Одна белая, другая — чёрная.
Это волосы у неё были чёрные.
Белая была молодой, и всё больше письма с фронта носила: треугольники с чернильной печатью полевой почты и штампом «проверено военной цензурой». Когда по улице проходила белая — из хат выскакивала вся улица, и каждая баба спрашивала, нет ли ей письма, а если нет, — то кому пришло письмо.
И та, которая получала письмо, плакала от счастья, что муж, или брат, или сын, а то и дочка, живы, воюют на фронте, бьют фашиста, и по много раз читала зачитанную до дыр весточку соседям, набежавшим в хату, и все плакали отчего-то.
Чёрную же боялись пуще смерти.
Была она высокая и немолодая, худая, с ввалившимися щеками и большими чёрными глазами.
Мы её звали смертью.
Не знаю, почему, но похоронки она носила чаще, чем белая.
Белая, когда похоронка — так она надевала чёрный платок и плакала.
И сама старалась похоронку отдать кому из соседей, потому что ей жалко было видеть, как баба убивалась, как она кричала на весь посёлок, как соседи отливали водой бедную, оставшуюся теперь уже навсегда без кормильца…

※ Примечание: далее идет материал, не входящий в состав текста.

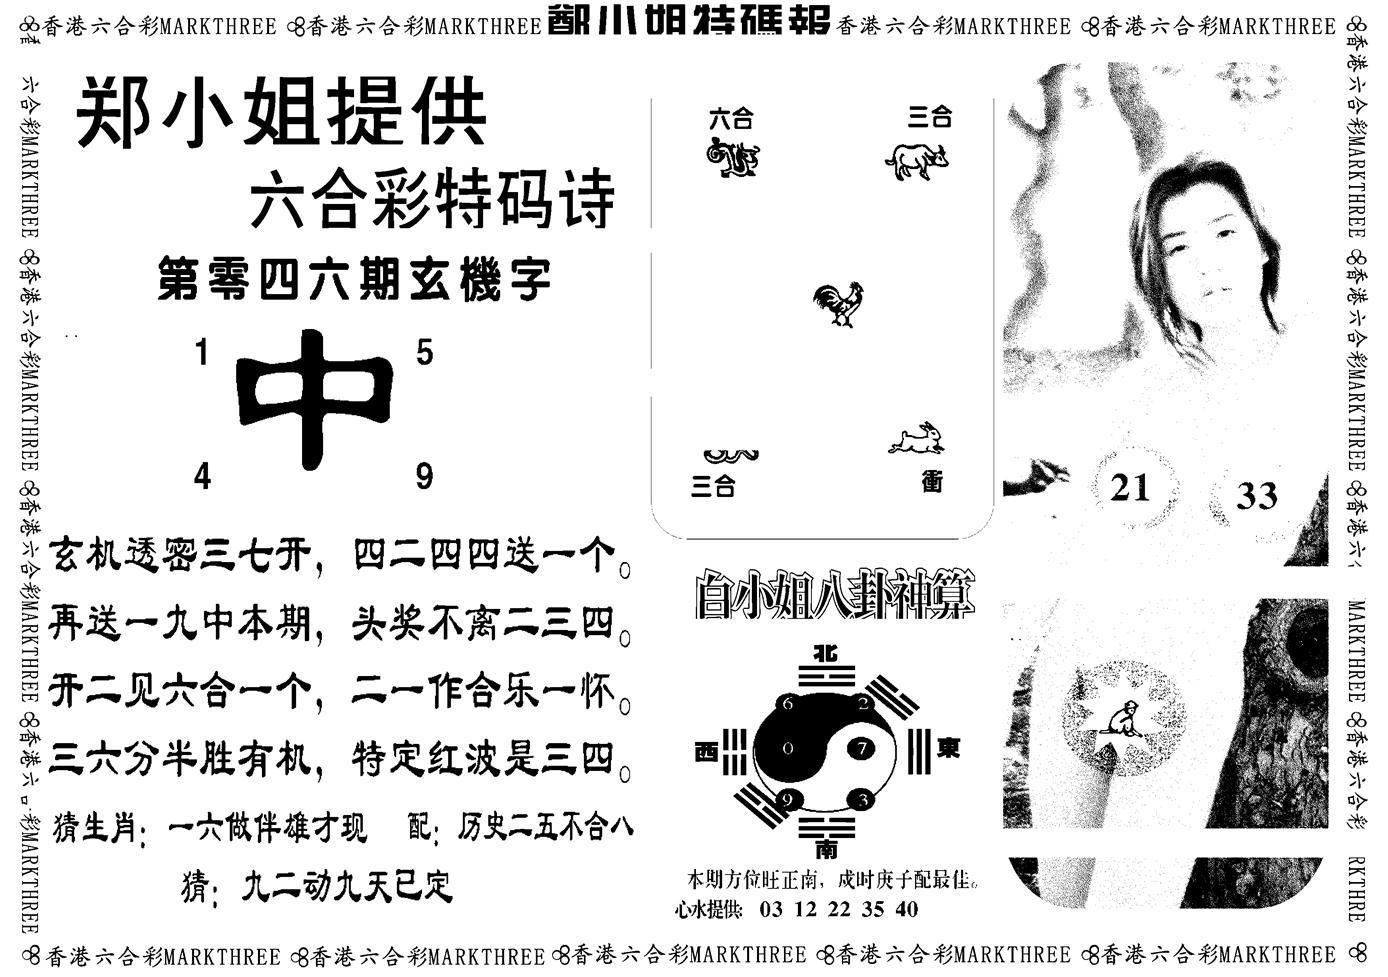 046期郑小姐特码报B(黑白)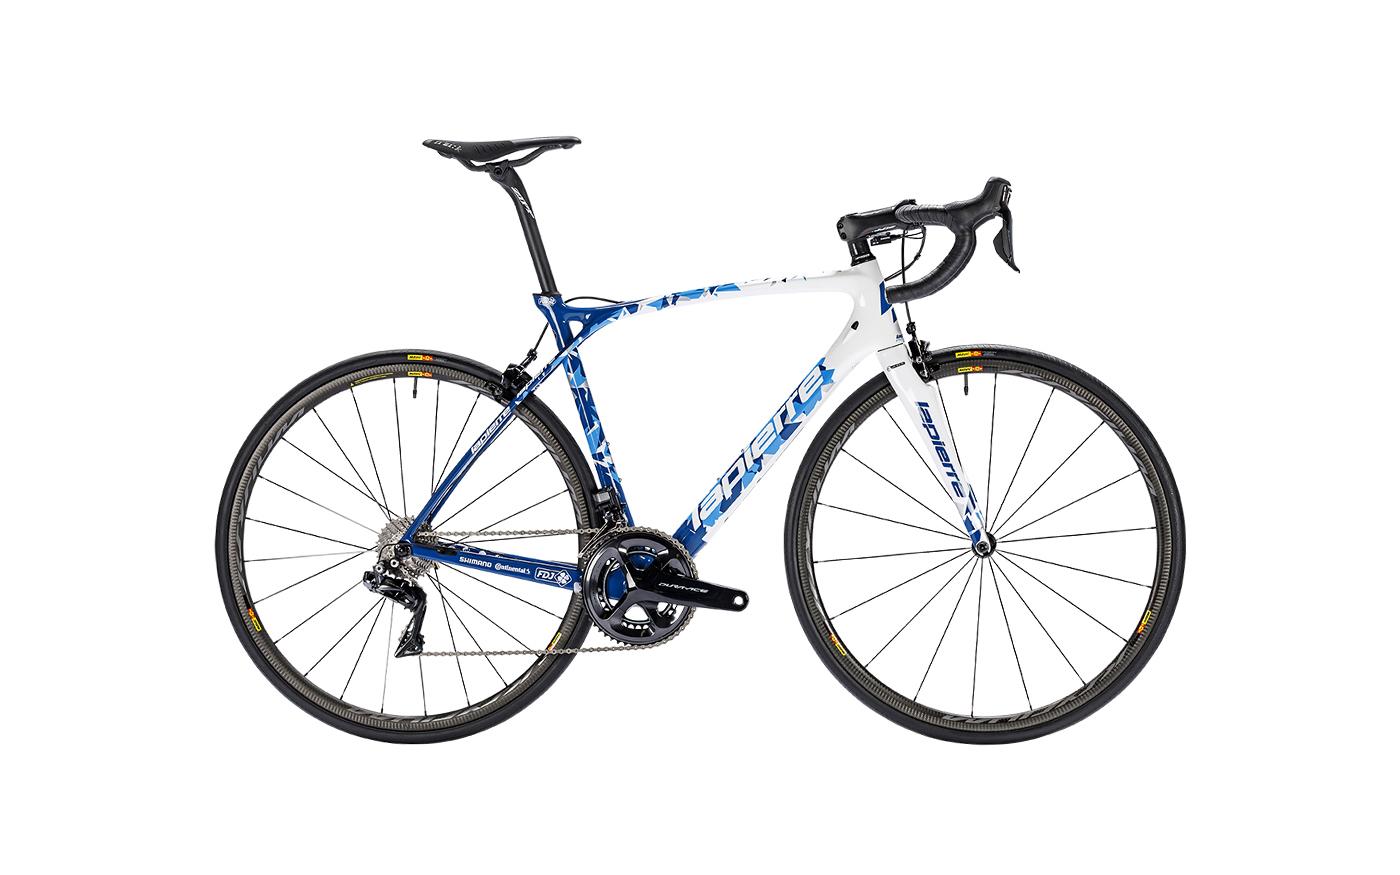 2018 XELIUS SL 900

Когда белая появлялась в чёрном платке — вся улица сразу знала, что кому-то похоронка, и боялся каждый подойти в той почтальонше, боялся, что похоронка — это ему, и становилось на улице, как на кладбище: каждый выходил на порог своей избы и молча следил, куда пойдёт почтальонша, и каждый не хотел брать ту похоронку, даже если эта похоронка и не ему… И крик дикий бабий говорил о том, что похоронка пришла в эту избу.
И собирались соседки, как на похороны, и сидели рядом с несчастной, и плакали вместе…
А чёрная…
Чёрная всегда и ходила в чёрном.
У неё мужа убило сразу, как война началась, а через два месяца — и на сына похоронку принесли…
С тех пор она и ходит в чёрном.
Никто не видел, чтобы она когда плакала.
Она и соседям похоронку не передавала.
Она сразу прямо шла в ту избу, хозяина которой убило.
Тут уже никакой надежды не было: сразу видно, что похоронка.
И падала на колени хозяйка избы, и пыталась какая убежать от той похоронки, и кричать начинала — ничего не помогало: чёрная всё равно подходила к несчастной и вкладывала в руку воющей бабе тот страшный листок.
И так же молча уходила.
Смертью мы её звали.
Смертью она, как видно, и была.
И даже когда была победа — она чёрного так и не сняла, так и ходила в чёрном.
* * *
Ну, а у меня был дед…
С дедом было весело, интересно. Пока он не пьяный. А потом дед умер.
И стало совсем уже нечего есть. Мы с бабушкой ходили в церковь и молились Николаю Угоднику. А когда бабушка меня окрестила, то меня назвали не Лёнькой, а Алексеем.
Алексей — значит божий человек Батюшка так сказал.
Потом бабушка стала печь шанежки. Так вот к нам иногда — только очень уж редко — попадали шанежки.
Больше всего мне нравились с картошкой.
Только шанежки — это не очень. Хлеба в них мало и очень уж вкусные: только возьмёшь в рот, — тут же и проглотил. Хлеб всё-таки лучше.
Хлеб в рот положишь — и можно долго сосать… Как конфету.
Конфеты — это было до войны.
Сейчас конфет нету.
Потому что нет денег.
Когда мы приехали в Чулым, конфеты ещё были в магазине, потом их не стало.
Война.
Вон на клубе написано: «Всё для фронта, всё для победы!».
Наверное, конфеты на фронт отвезли…
* * *
Мясо уже сварилось. В кастрюле было много волос от ноги. Волосы я собрал и выкинул в печку. Запахло палёным.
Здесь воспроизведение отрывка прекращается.